_YOUR INSTRUCTIONS_
Here, set down only the lines between the line that contains "Kanye West 'dropped'" and the final line of the material, both included, exactly as written. Skip the pictures.

_SUPPLIED INFORMATION_
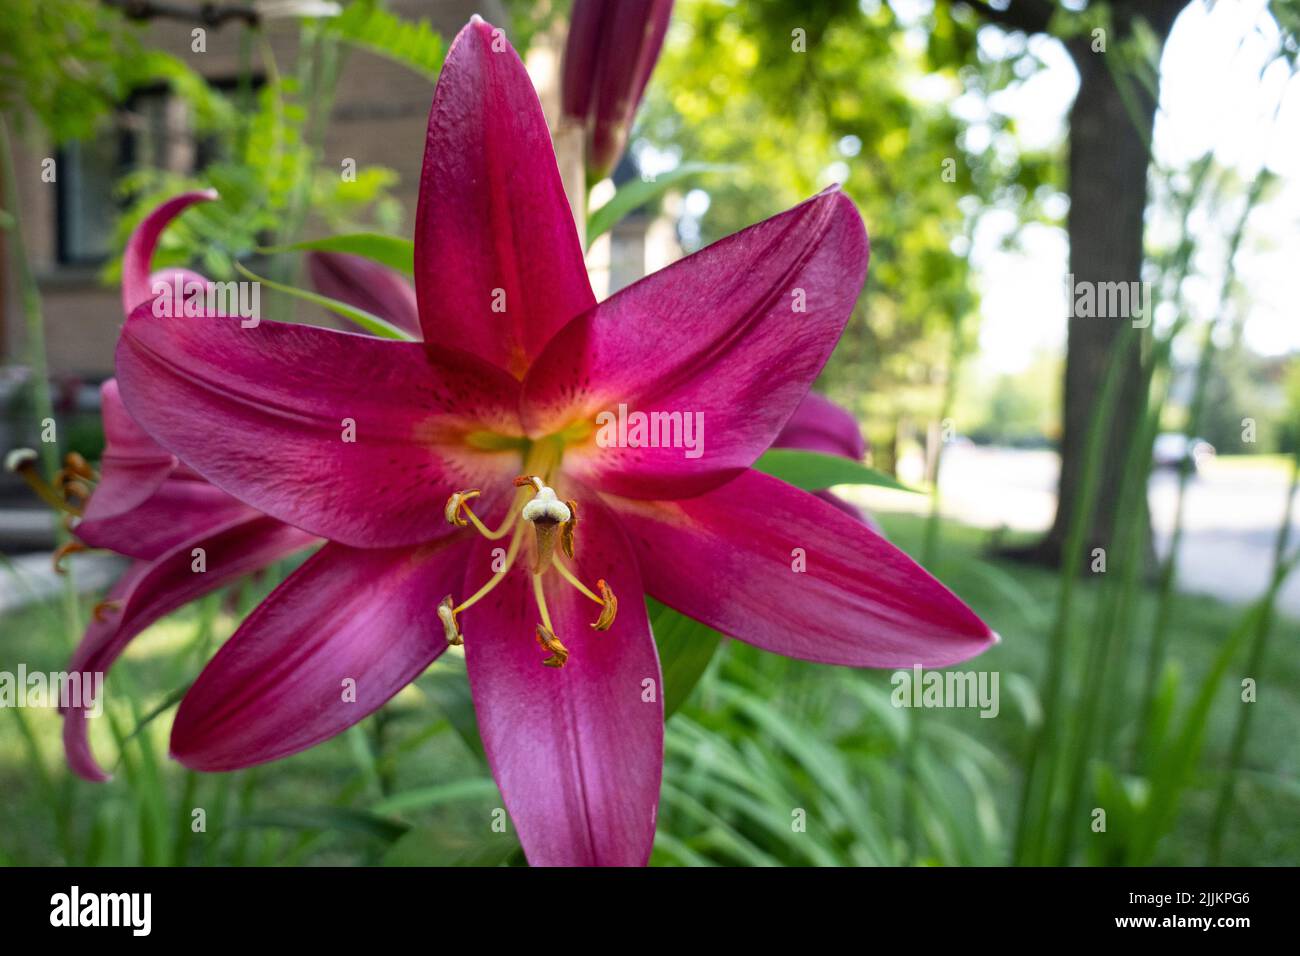 Beautiful lily pink flower in a front yard garden Stock Photo
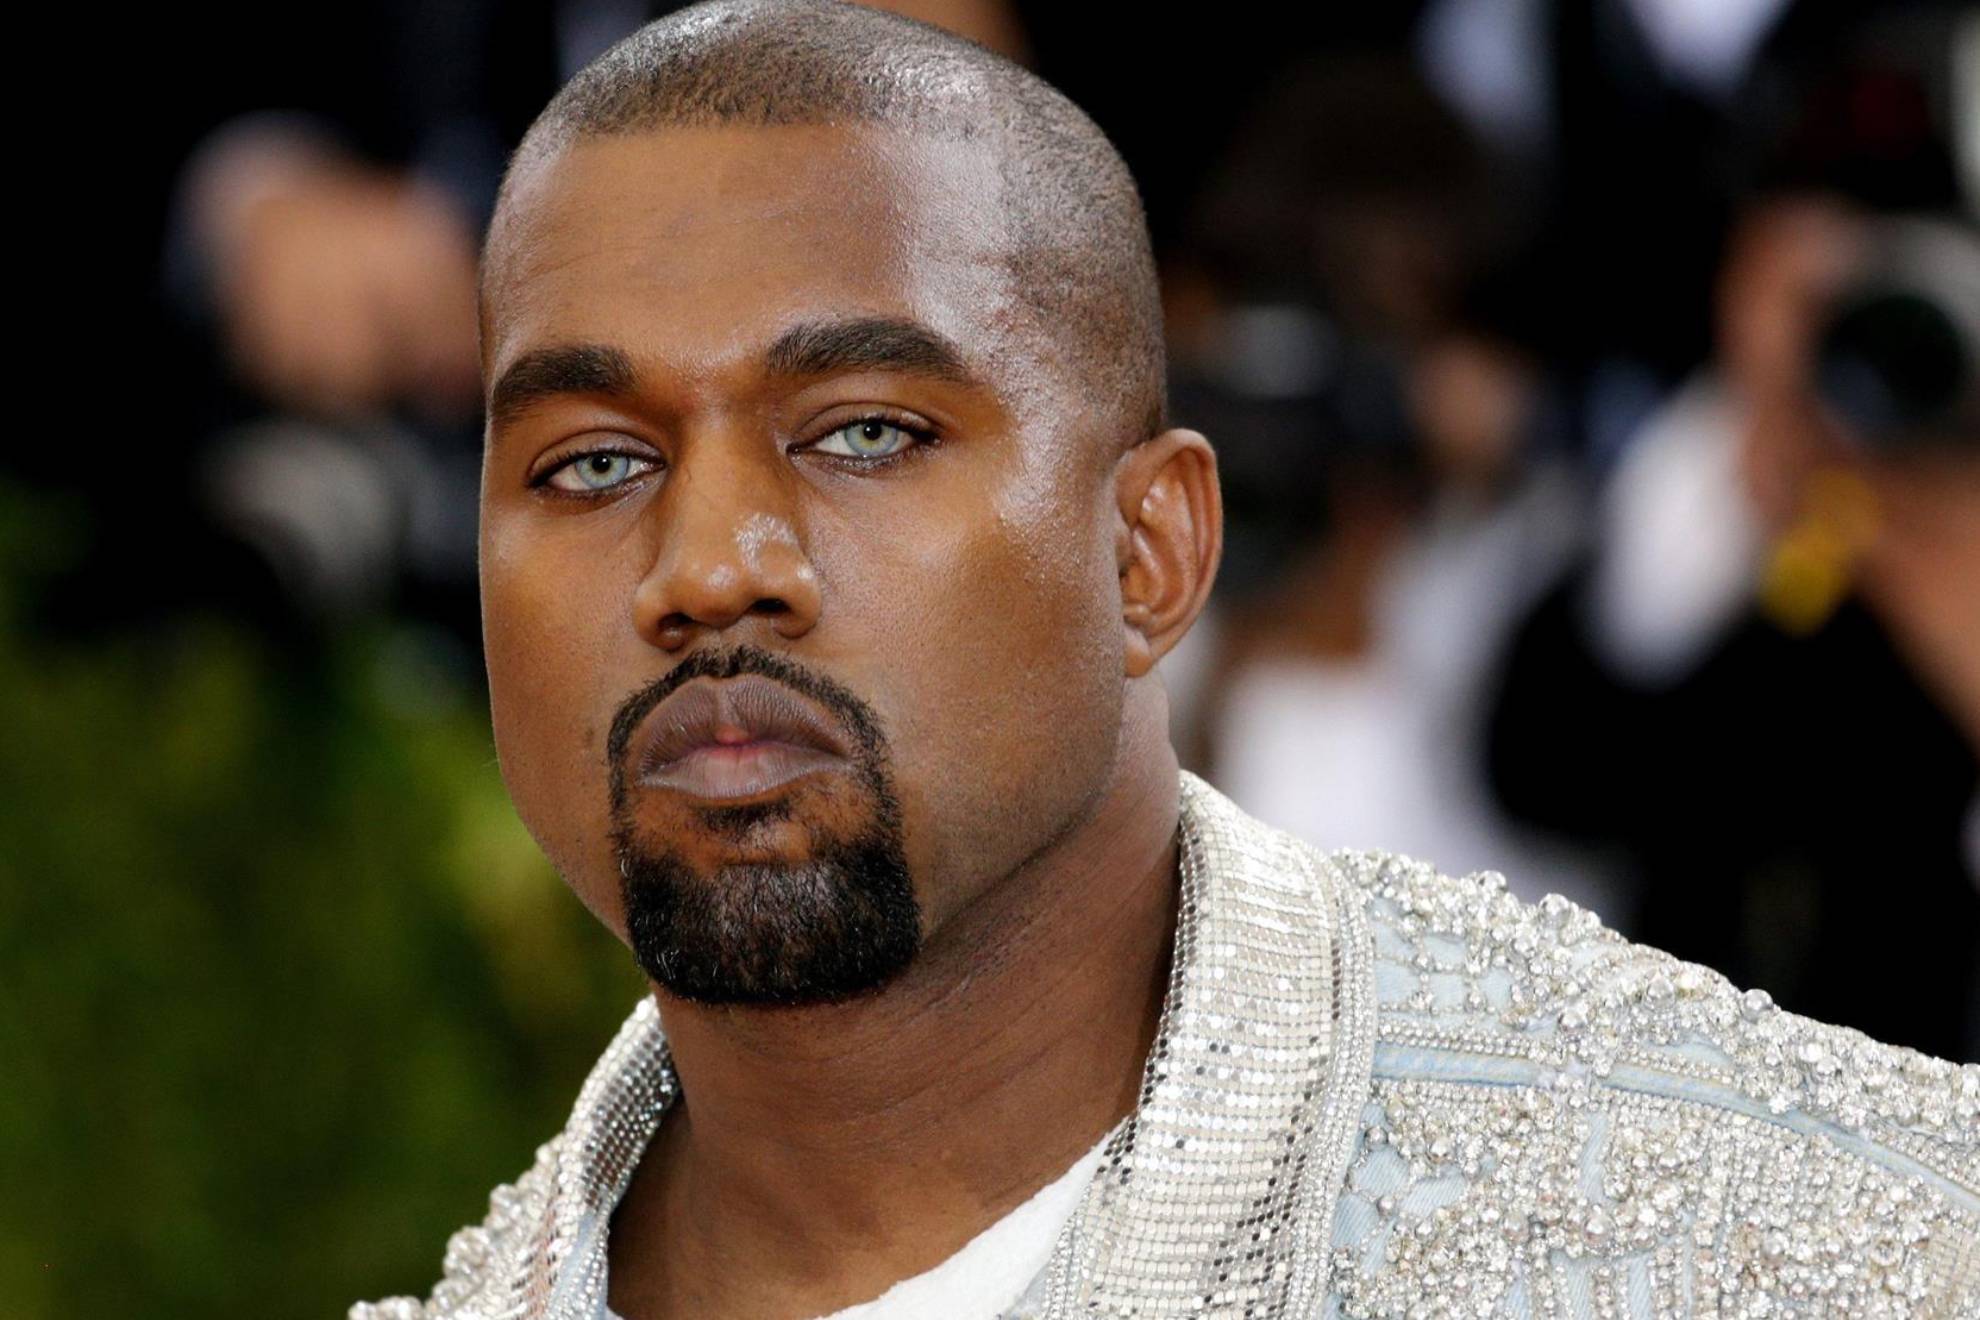 Kanye West 'dropped' by more brands after his controversial statements
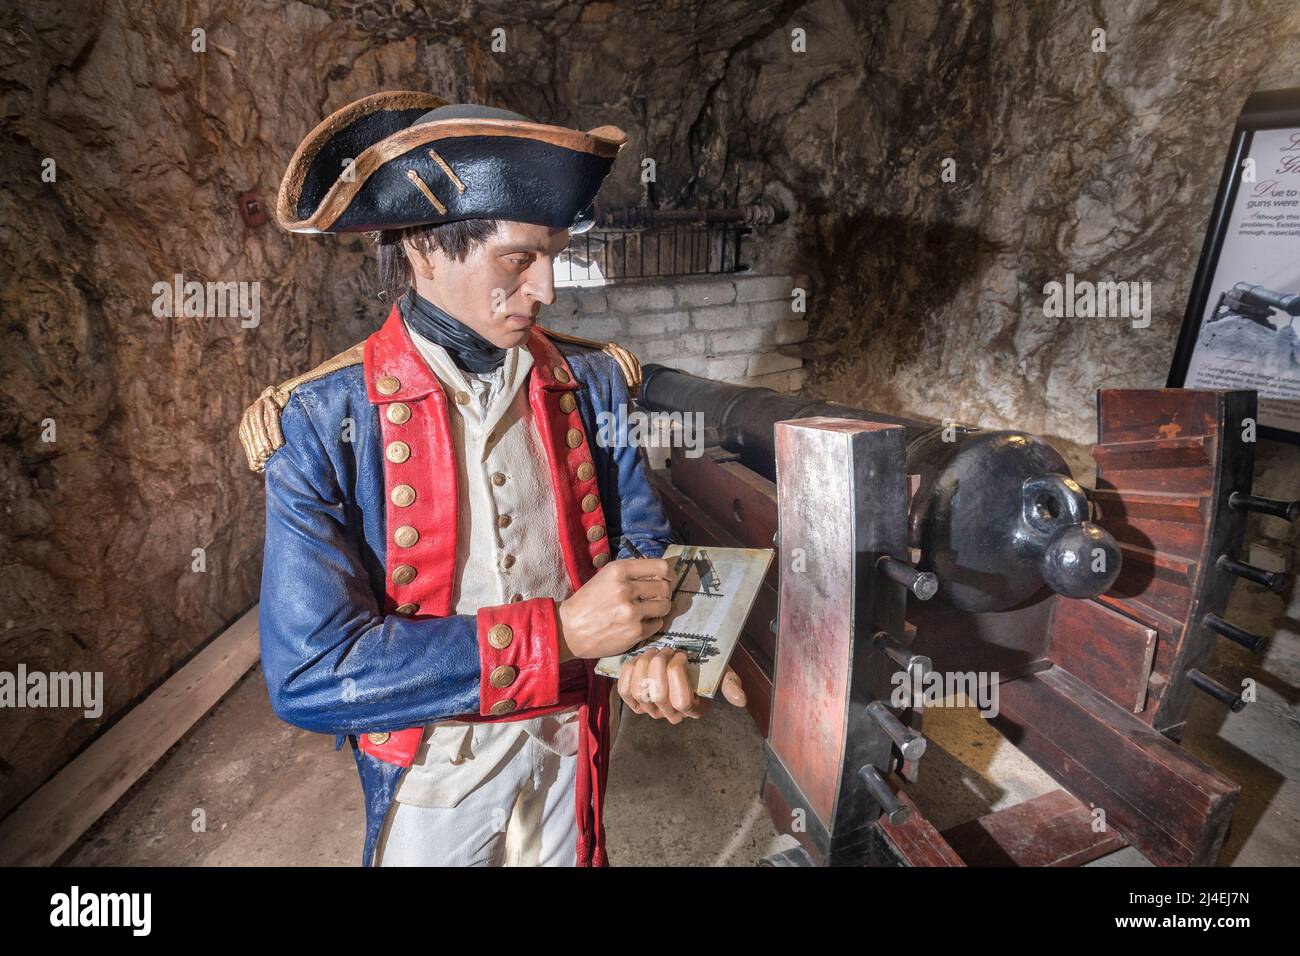 Lieutenant in 1760s uniform calculating use of Koehler's gun carriage at a cannon emplacement, Great Siege Tunnels, Gibraltar Stock Photo
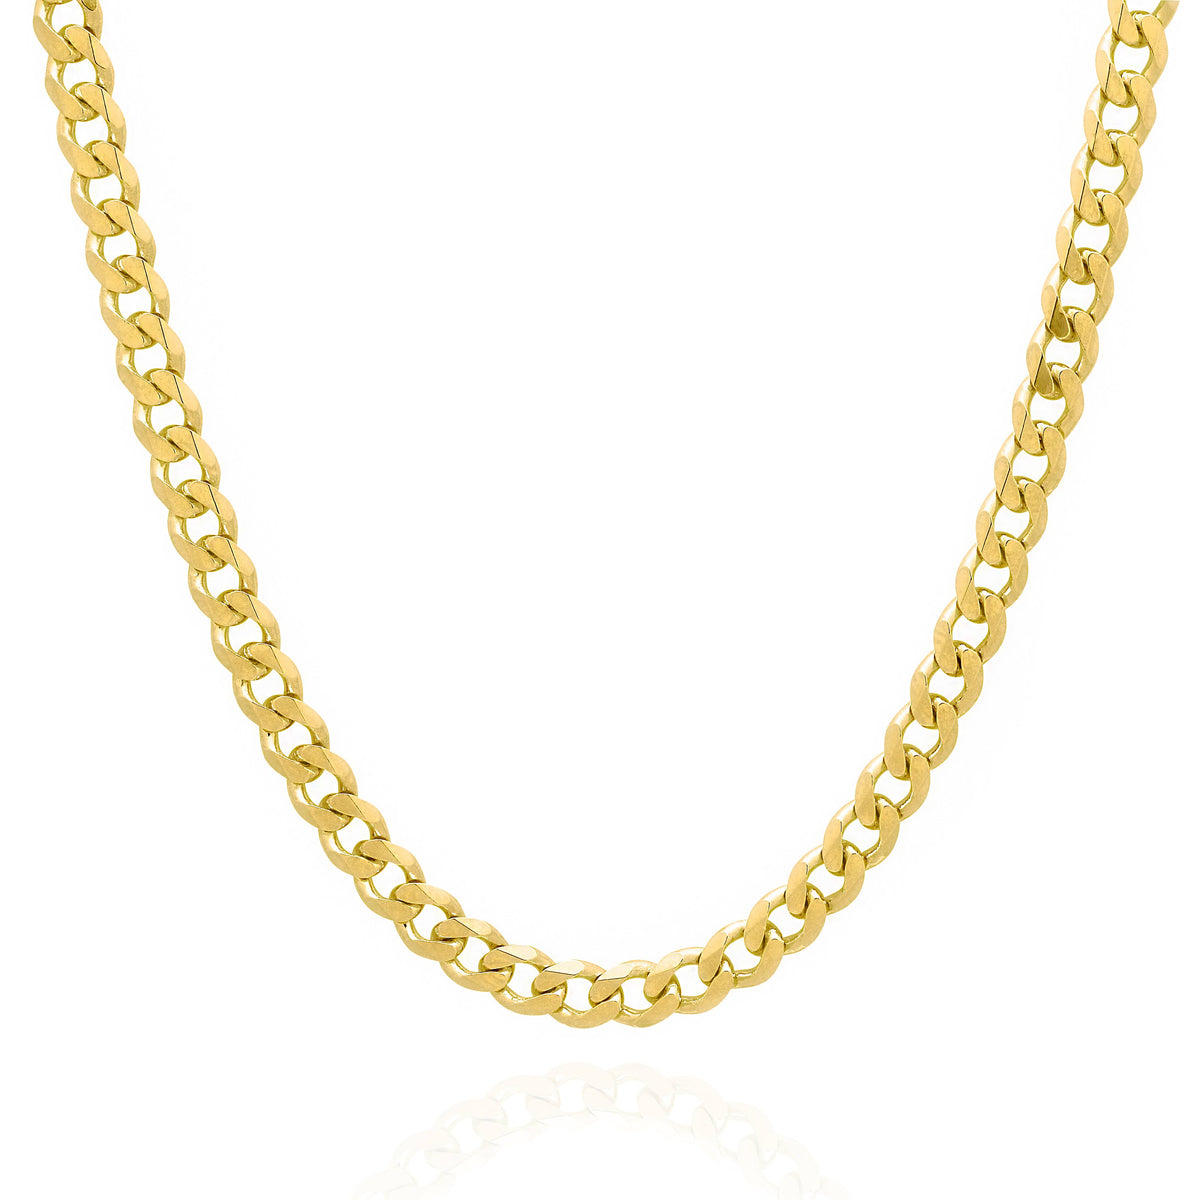 Solid 10KT Yellow Gold Curb Style Chain

_OUTPUT OF THE EXERCISE_
 Kanye West 'dropped' by more brands after his controversial statements
 Lieutenant in 1760s uniform calculating use of Koehler's gun carriage at a cannon emplacement, Great Siege Tunnels, Gibraltar Stock Photo
 Solid 10KT Yellow Gold Curb Style Chain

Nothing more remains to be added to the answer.